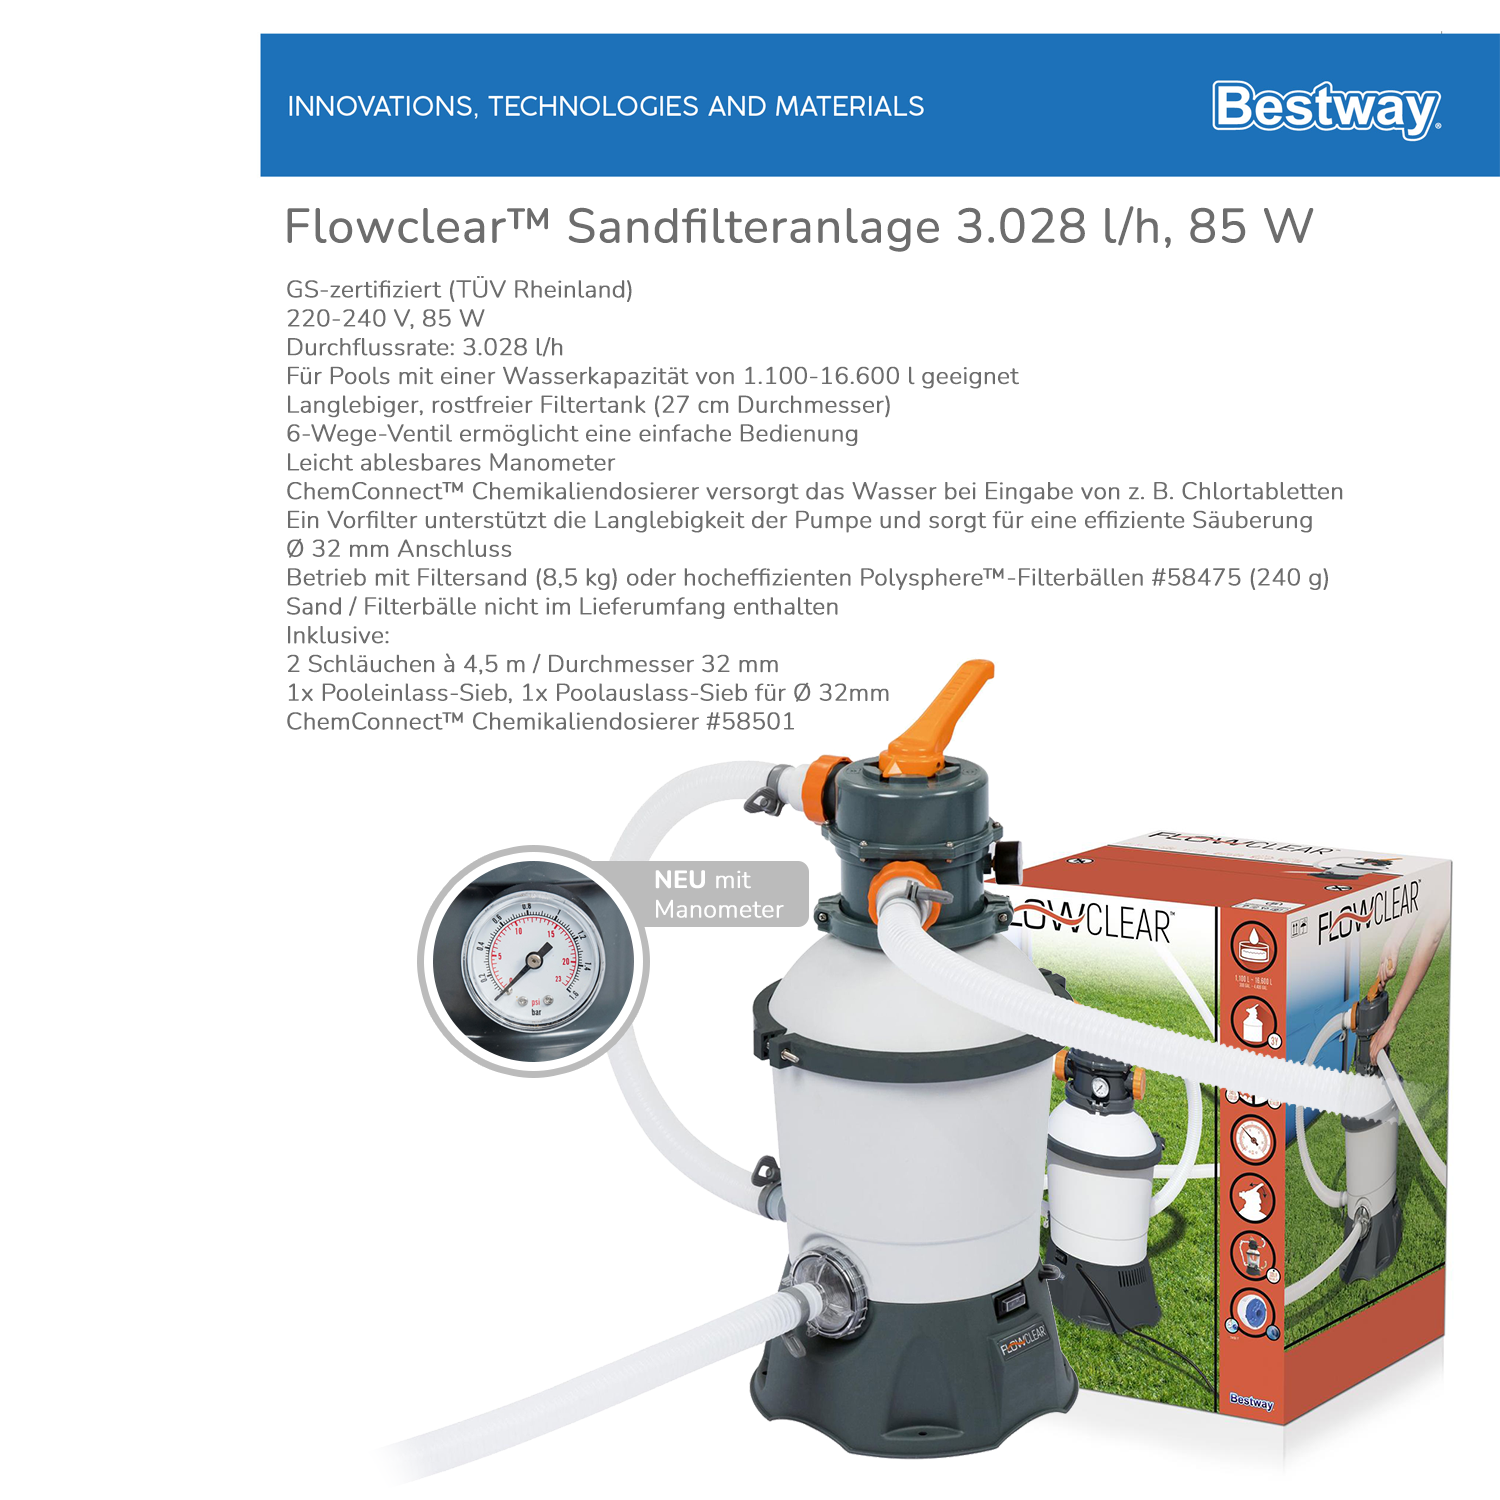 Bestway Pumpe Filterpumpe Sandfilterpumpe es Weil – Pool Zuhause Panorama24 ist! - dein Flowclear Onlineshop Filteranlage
==
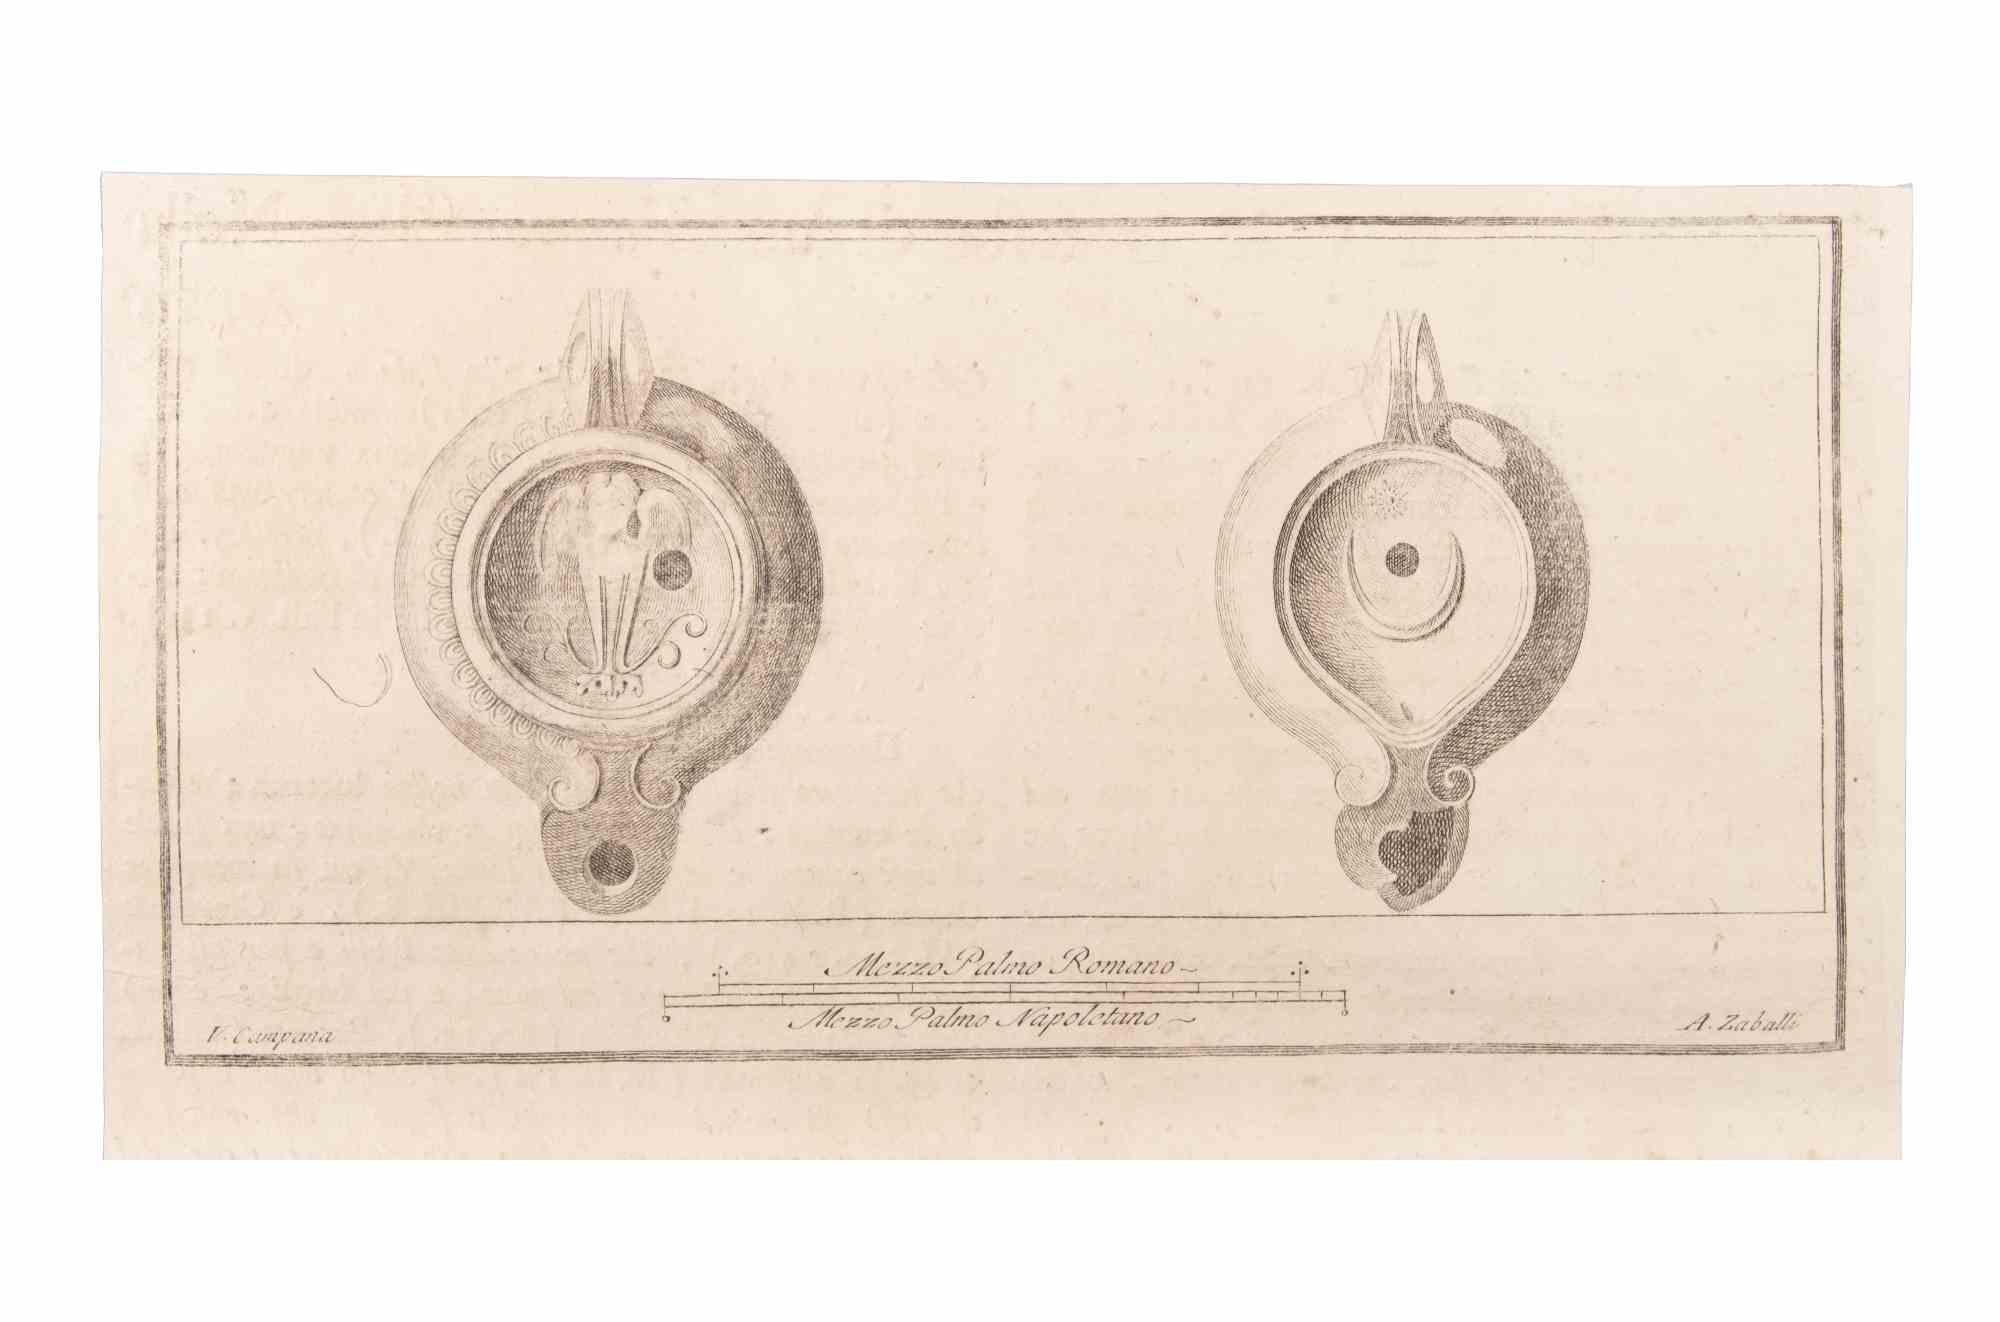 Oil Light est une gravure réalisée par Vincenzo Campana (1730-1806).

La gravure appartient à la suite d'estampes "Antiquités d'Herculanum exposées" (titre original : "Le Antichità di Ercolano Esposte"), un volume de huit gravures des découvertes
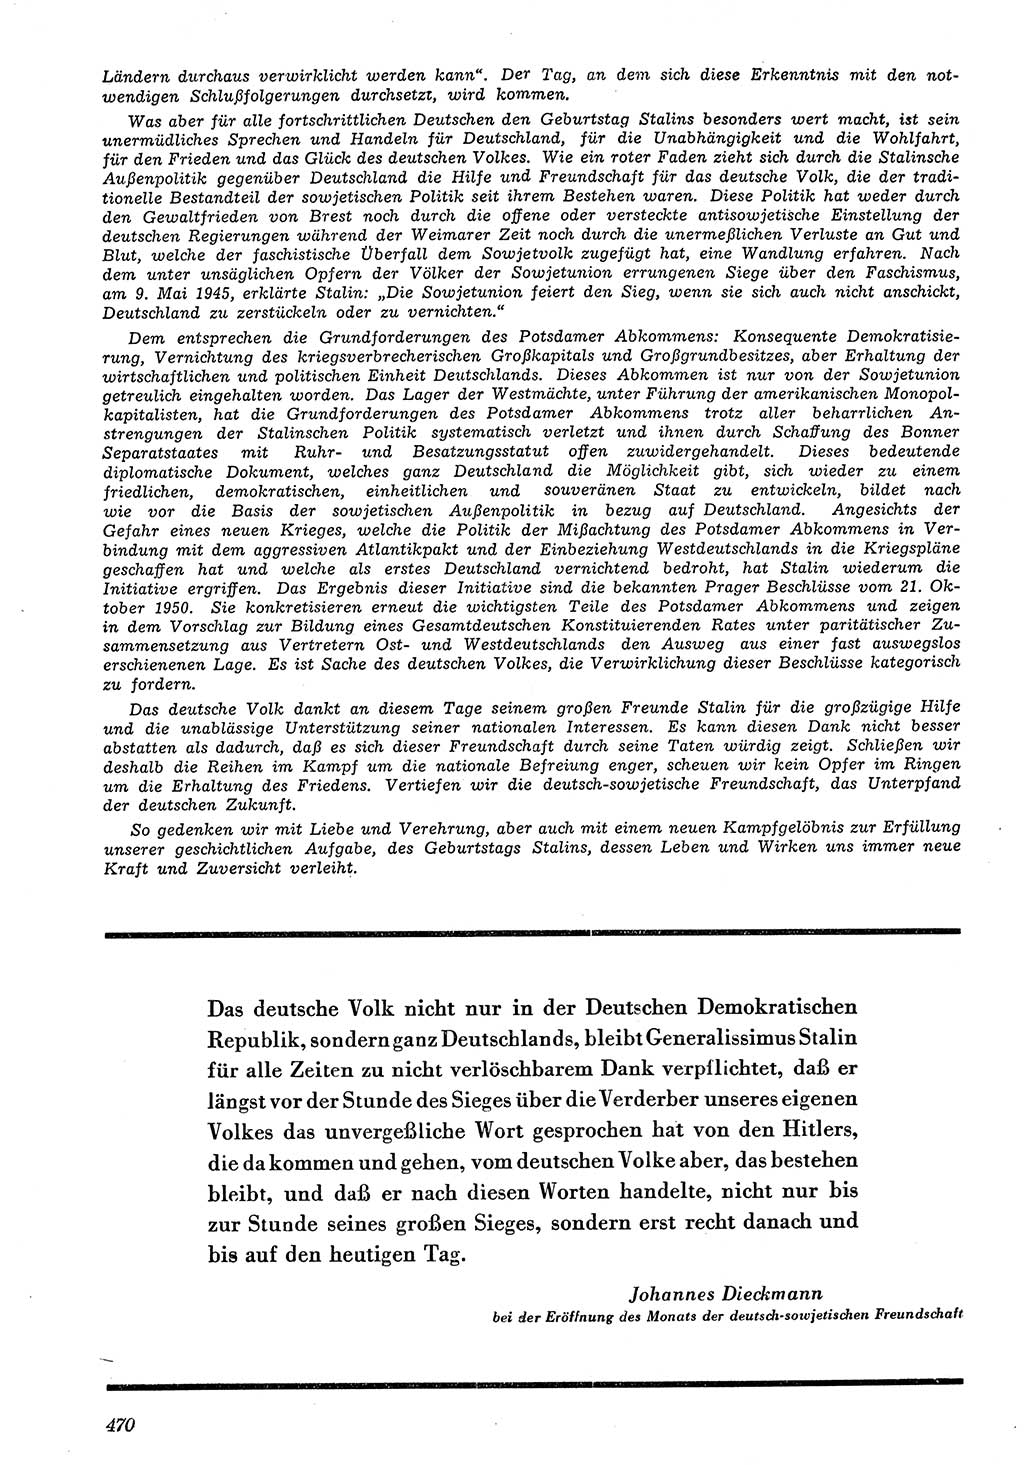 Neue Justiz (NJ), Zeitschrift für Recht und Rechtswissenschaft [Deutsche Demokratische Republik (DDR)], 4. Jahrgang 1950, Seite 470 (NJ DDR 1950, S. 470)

▶ [TASK]: Keep to the stretch from the line containing "Oil Light est" through the line containing "Neue Justiz (NJ), Zeitschrift", both ends included, and copy it exactly from the listing above, minus the pictures.

▶ [PROBLEM SOLUTION]:
 Oil Light est une gravure réalisée par Vincenzo Campana (1730-1806).

La gravure appartient à la suite d'estampes "Antiquités d'Herculanum exposées" (titre original : "Le Antichità di Ercolano Esposte"), un volume de huit gravures des découvertes
 Neue Justiz (NJ), Zeitschrift für Recht und Rechtswissenschaft [Deutsche Demokratische Republik (DDR)], 4. Jahrgang 1950, Seite 470 (NJ DDR 1950, S. 470)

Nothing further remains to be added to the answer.